Described tensimeter A(3) be arranged on described intermediate receptacle A(2) on; Described six-way valve is equipped with tensimeter B(6 on (5)); Described tensimeter C(8) be arranged on the described piston type intermediate receptacle (11), and described high-pressure gauge measuring device A (10) is connected with described piston type intermediate receptacle (11); Described tensimeter D(9) with described intermediate receptacle B(13) be connected; It is characterized in that:

The rock core rear end of described core holding unit is connected to be had one section metal tube (71) and is installed in heat radiator (72) on the metal tube (71);

In the connection of the top of described metal tube (71) heavy wall quartz ampoule (73) is arranged;

Pressurization and detection system are equipped with in the top of described heavy wall quartz ampoule (73), and pressure source is realized constant voltage by a backpressure pump (75);

Be socketed with the infrared radiation detection apparatus (74) that detects for bubble in described quartz ampoule (73) outside.

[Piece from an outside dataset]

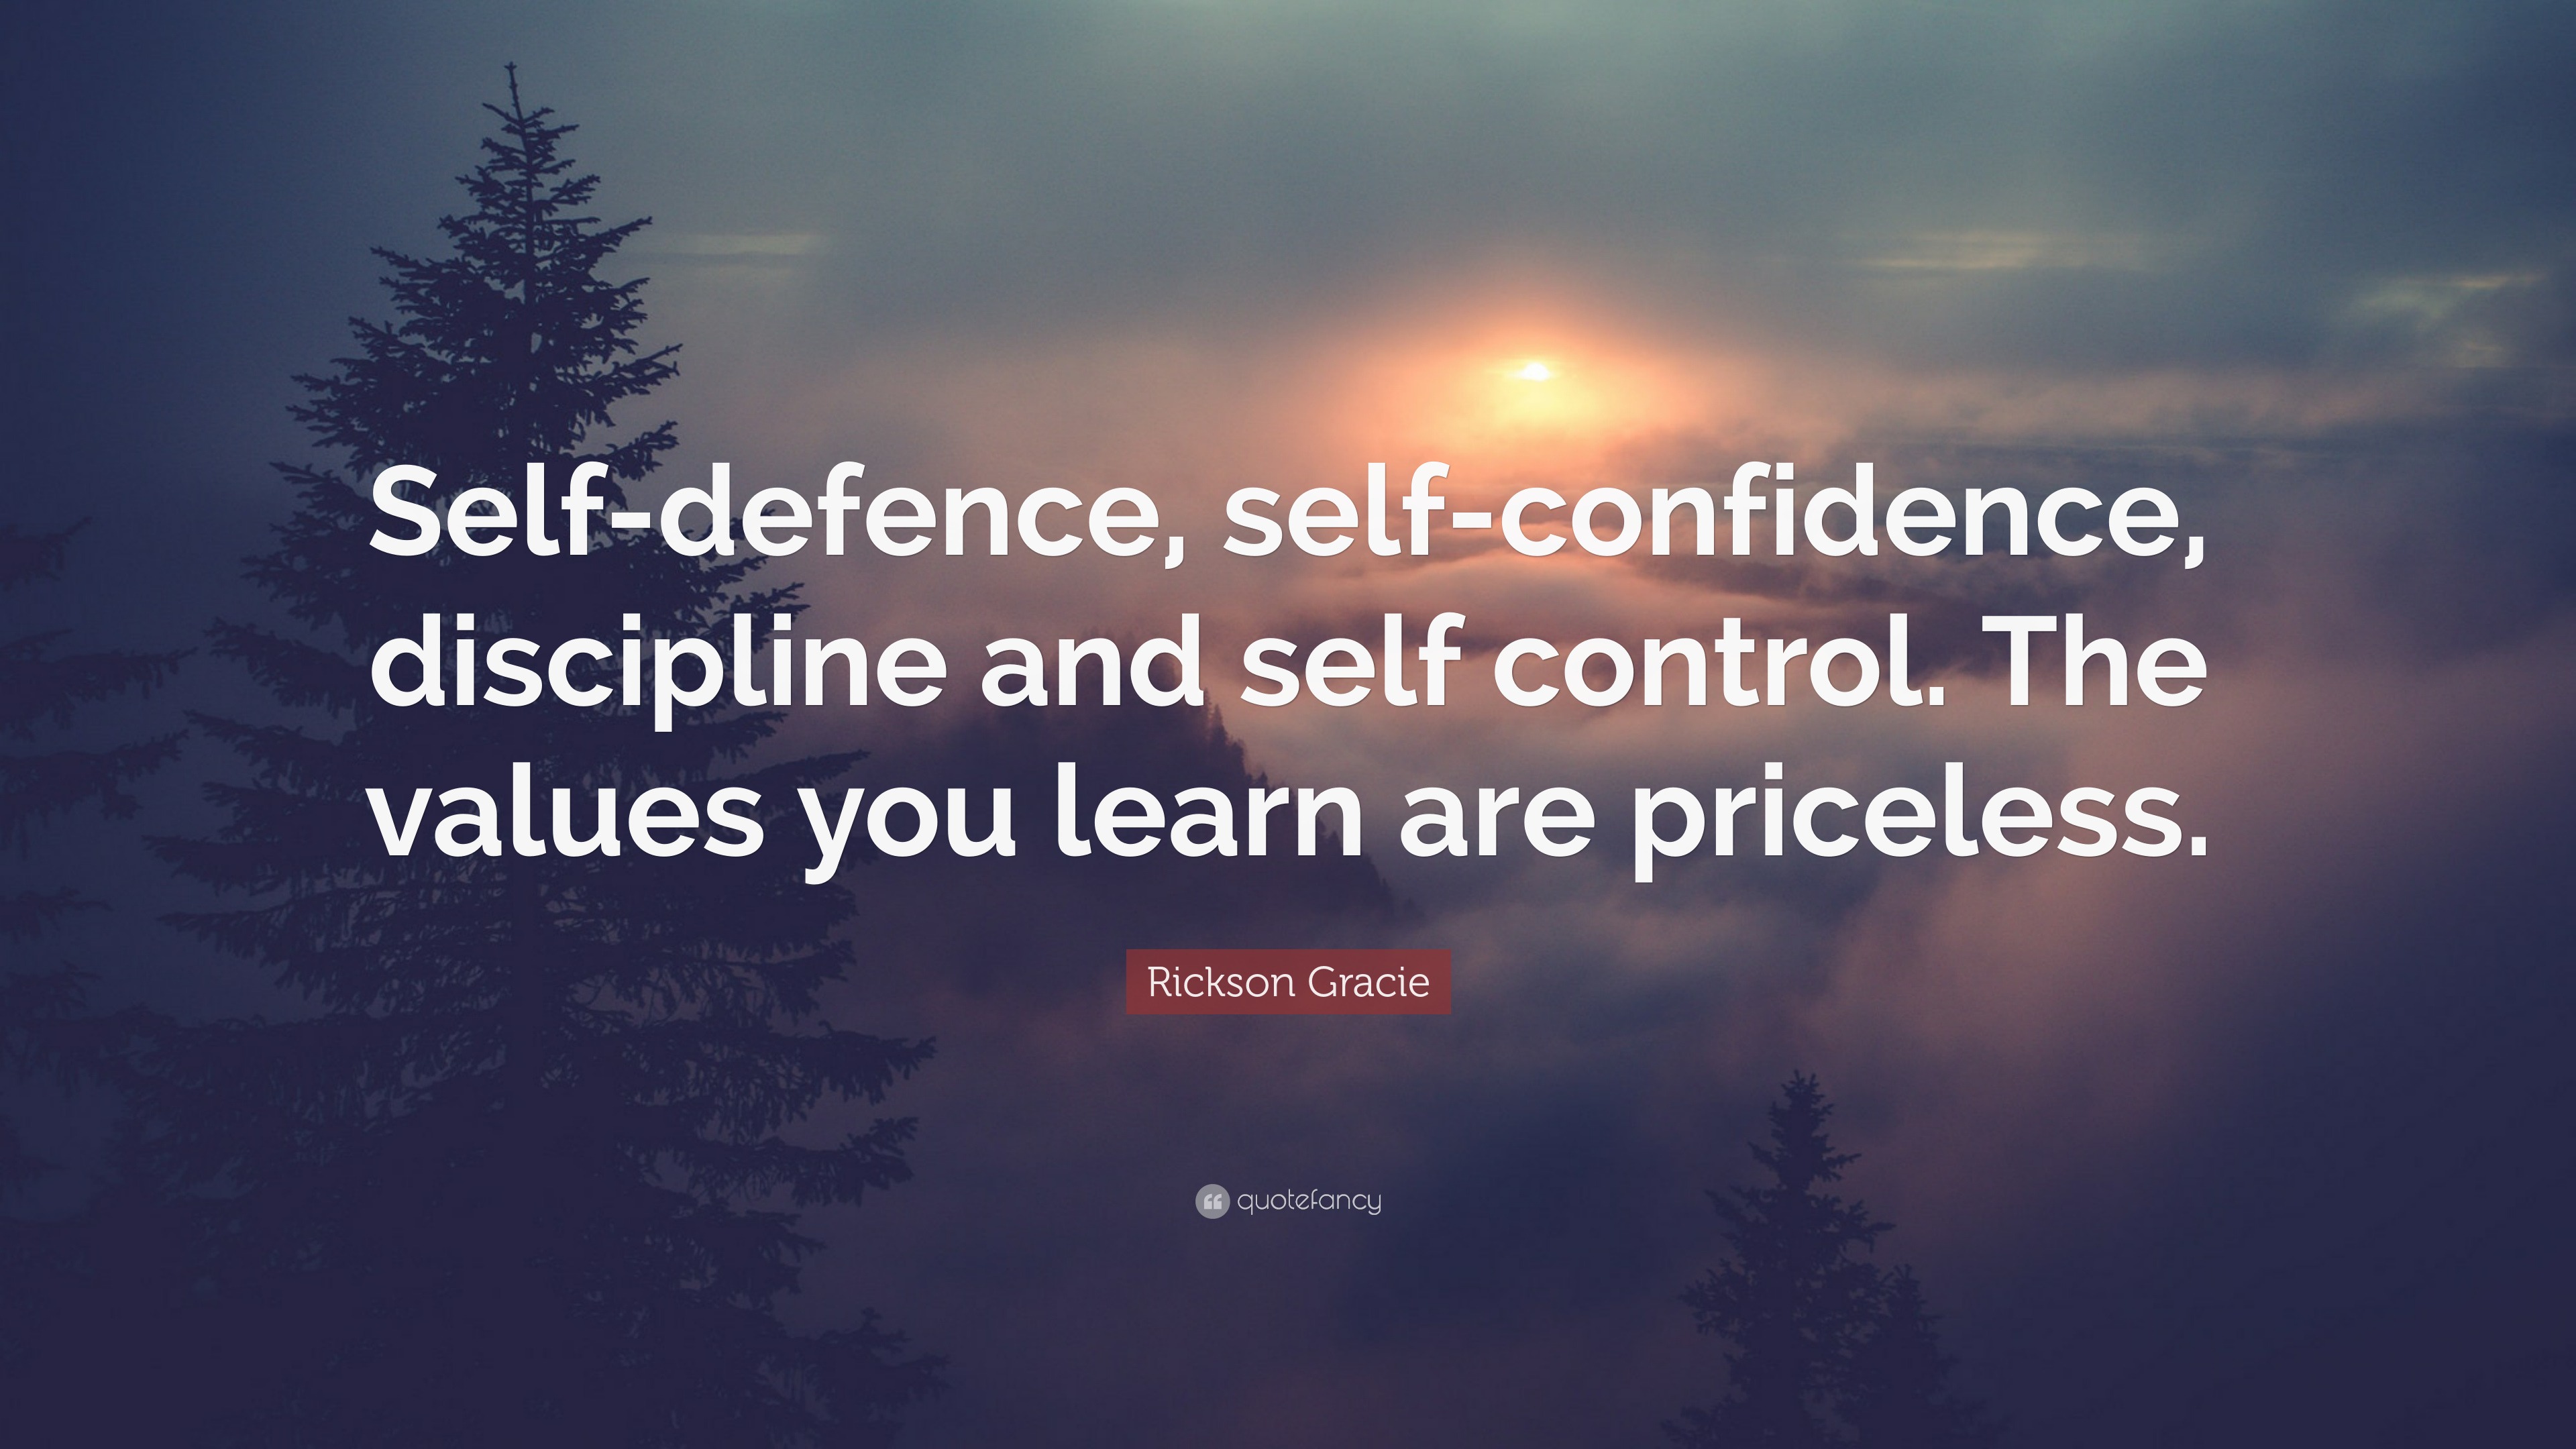 Rickson Gracie Quote: “Self-defence, self-confidence, discipline and ...
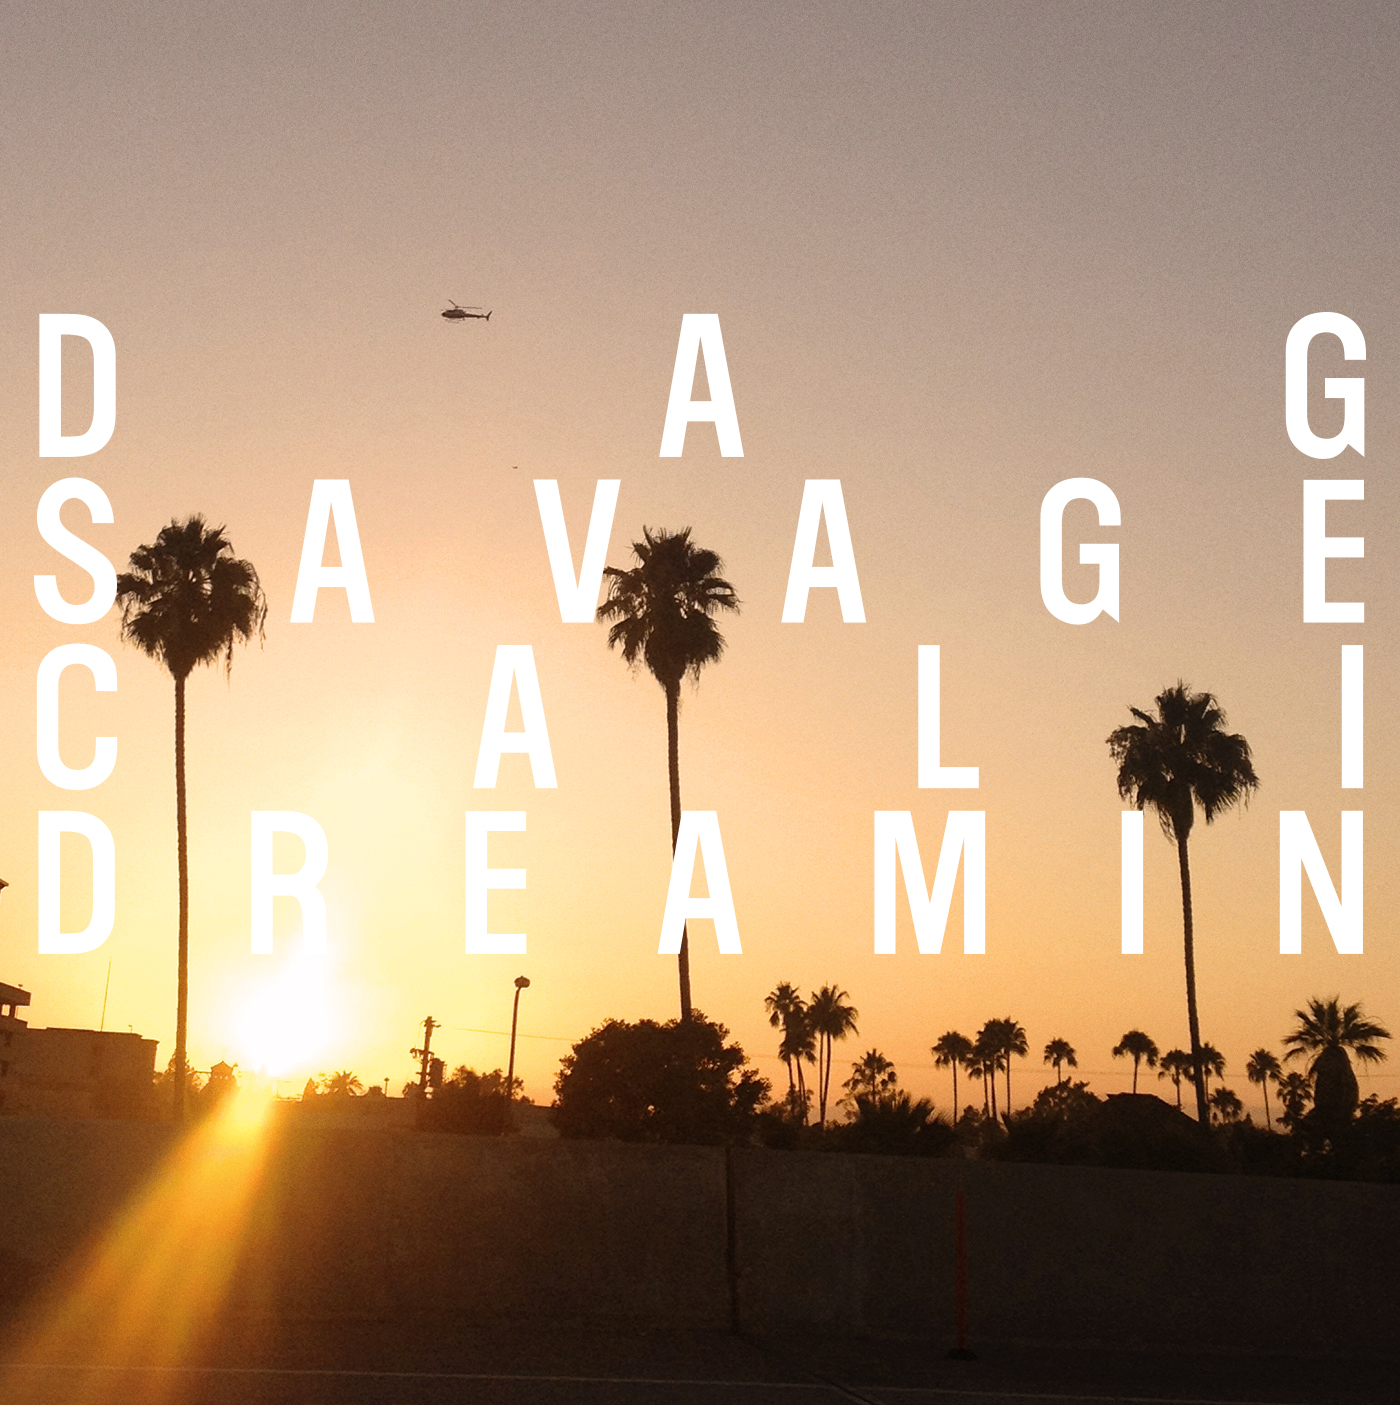 Dag Savage (Johaz x Exile) - "Cali Dreamin" ft. Fashawn & Co$$

2. the determinator for breakthrough pressure under rock sample simulated stratum conditions as claimed in claim 1 is characterized in that:

The wall thickness of described heavy wall quartz ampoule (73) is 2-6mm, and internal diameter is 4-12mm, and length is 4-12cm.

3. the determinator for breakthrough pressure under rock sample simulated stratum conditions as claimed in claim 2 is characterized in that:

The wall thickness of described heavy wall quartz ampoule (73) is 4mm, and internal diameter is 8mm, and length is 8cm.

4. the determinator for breakthrough pressure under rock sample simulated stratum conditions as claimed in claim 3 is characterized in that:

Described heavy wall quartz ampoule (73) can bear the pressure of 10MPa and 200 ℃ temperature.

5. the determinator for breakthrough pressure under rock sample simulated stratum conditions as claimed in claim 1 is characterized in that:

Described infrared radiation detection apparatus (74) comprises bubble identification component and computer control and the register system that forms behind the acquisition and recording parts, gas breakthrough rock core of number of bubbles;

When in a single day infrared detector (74) identifies the bubble that forms behind the gas breakthrough rock core, test namely to come to an end, and automatically record experimental result.

6. the determinator for breakthrough pressure under rock sample simulated stratum conditions as claimed in claim 5 is characterized in that:

7. the determinator for breakthrough pressure under rock sample simulated stratum conditions as claimed in claim 6 is characterized in that:

Pressurization and the detection system of described heavy wall quartz ampoule (73) top are equipped with constant voltage gaging pressure table (76);

The front gas gauge (77) of rock core is installed on the pipeline of the rock core front end of described core holding unit.